Suddenly his range looks pretty lopsided - way more bluffs than value hands. I am beating way more than I'm losing to.

Finally, I take one extra second to look over at my opponent. I am consciously, deliberately working on the science of poker tells right now, and this sure seems like a great time to make the effort to look over there and see if I can pick up anything. I'm admittedly a babe in the woods at this part of my game - a hopeless amateur - but it seems to me like Sonny is not all that comfortable right now. His lips seemed pursed - something I definitely read about earlier this week. He glances over and me and then looks away very fast - he doesn't want to meet my eyes. His posture seems stiff.
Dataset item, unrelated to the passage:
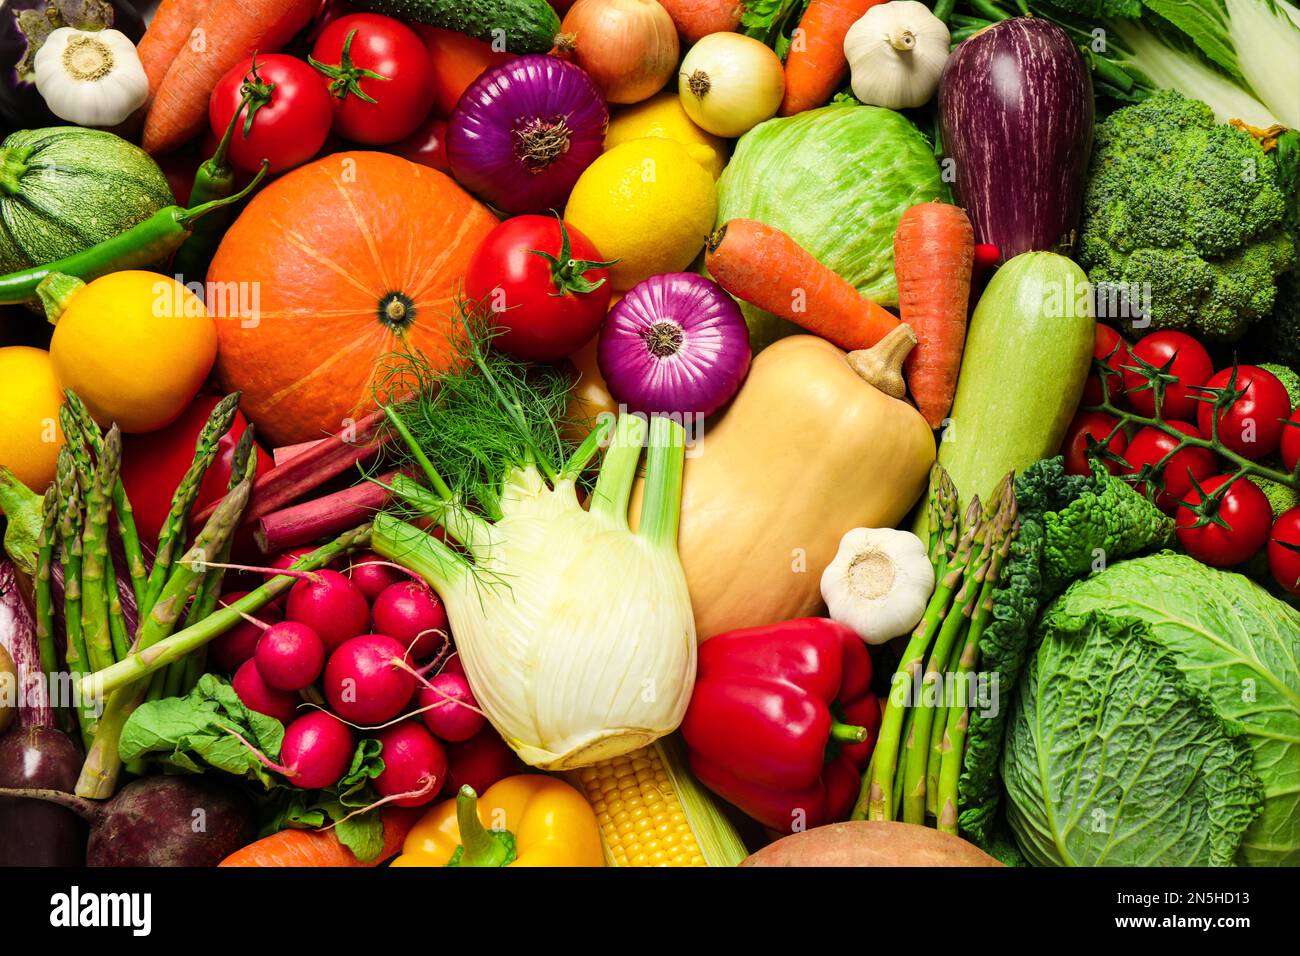 https://c8.alamy.com/compes/2n5hd13/muchas-verduras-frescas-como-fondo-vista-superior-2n5hd13.jpg

My decision seems clear - even if it's well out of my comfort zone - I am ahead right now, and the best way to maximize EV on this hand is to call him down. I make the call, with one mental provision - if the turn bet looks like he wants to play for our entire 150 big blind effective stack, then I will not continue.

The turn bricks low, a three or four. One more raggy ace beats me, all the other weak-hand bluffs stay behind. This time, I'm watching him intently as he considers his action. "Same bet, twenty two" he says, sliding four red and two white chips across the betting line.

I can stop looking for tells now. I have used the phrase "same bet" myself, and I know what it means. "Same bet" means he knows he has to keep his foot on the gas and make some bet, and he knows he can't bet less than he did on the last street, but he also doesn't want to bluff off his entire stack to someone who seems to like that ace on the board. I call the turn bet, much more confident that I'm ahead. All I have to do is avoid him hitting his two pair or trips. Since I won't know what card that is (any Ace-x is in play, cards near the eight are scary, and any eight or deuce), I will have to watch that river bet size again.

I honestly don't remember the river card. Sonny looked at it for a few seconds, frozen stiff. He didn't look any more comfortable than he did on the flop. Wordlessly, he tapped the table, all but surrendering the pot to me. The pot was plenty big enough for my medium strength hand ace already, and I didn't think he could call a bet with most of his holdings. There was no point in betting the river, even though I was pretty sure I was ahead. "Ace-Jack", I said, flipping over my cards.

"The jack plays", said Sonny, hinting that he had a worse ace (but also not showing his cards). "Nice Hand", he offered, as his cards hit the muck.

4 comments:

Memphis MOJO said...

Nicely played, sir, and good write-up, too.

Play Poker said...

Awesome blog

I read your blog.Nice written you have.Thanks for sharing your experience.

Zach Elwood said...

Nice. What you should try to do now is study him when he's got a strong hand and notice the differences. You may have noticed a reliable tell; you may not have. Because you've really just started studying him, it's possible he always acts this way and you just haven't noticed.

So you should write a follow-up blog about studying him a few times when he's strong and a few more times when he's weak. If he did have an Ace it's entirely possible he felt he was ahead, so it's kind of hard to say if this was really his bluffing behavior or common "middle-strength" behavior.